First Analysis (12-10-02)

Sponsor: Rep. Leon Drolet

Committee: Commerce

THE APPARENT PROBLEM:


The Michigan Strategic Fund was created by Public Act 270 of 1984. The MSF was transferred in 1999 by executive order from the Michigan Jobs Commission to the Department of Management and Budget. In its Appropriations Summary and Analysis of the fiscal year 2002-2003 budget issued in November 2002, the House Fiscal Agency describes the MSF as "an autonomous agency within the Department of Management and Budget [that] houses the state's economic development programs. Programs are administered through the Michigan Economic Development Corporation (MEDC) - a public corporation that represents a partnership between the MSF and local economic development corporations and partners. The MEDC administers various programs aimed at retaining and attracting businesses to Michigan, assisting Michigan business with expansion plans, and providing financial support for local units of government to provide infrastructure improvements necessary for economic development projects".

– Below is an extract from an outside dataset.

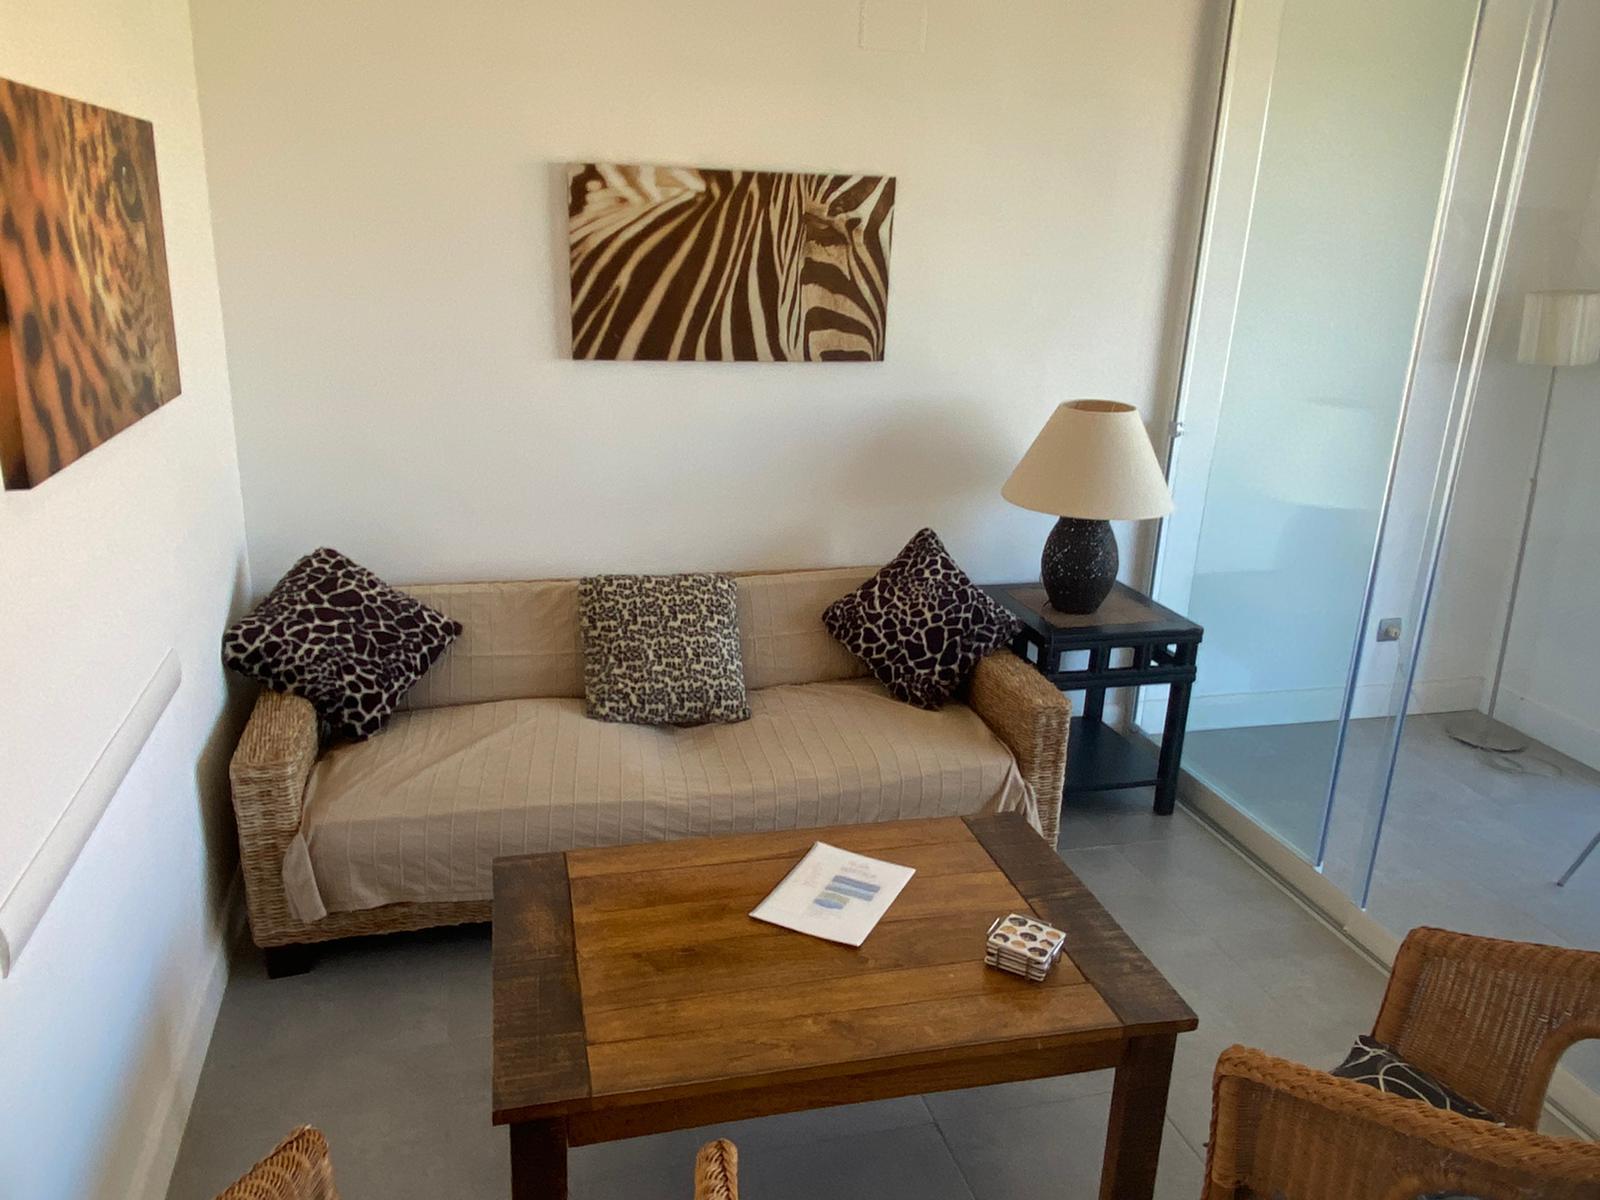 Imagen 10 del Apartamento en El Espigón, 1ª Planta nº4 Poniente (3d+2b), Punta del Moral (HUELVA), Paseo de la Cruz nº22

The MSF receives revenue from a variety of sources, notably including revenues from Indian tribal casinos. When Governor Engler initially negotiated compacts regarding casino gaming with Michigan Indian tribes in the early 1990's, the agreement called for the MSF to receive eight percent of the net win from gaming operations as long as there were no non-Indian casinos permitted in the state. A 1996 Michigan Court of Appeals decision (Tiger Stadium Fan Club, Inc. v Governor) said that these Indian gaming revenues were "public funds not subject to appropriation [by the legislature]". This ruling came in response to a challenge to the use of MSF funds in financing infrastructure improvements related to the construction of a new baseball stadium in Detroit, now known as Comerica Park. The court ruled that this use of the MSF funds did not violate either the "appropriations clause" or the "separation of powers clause" of the state constitution. Because of the nature of the negotiations, said the court, "the revenues are not paid as a tax or a fee, or pursuant to a legislative act".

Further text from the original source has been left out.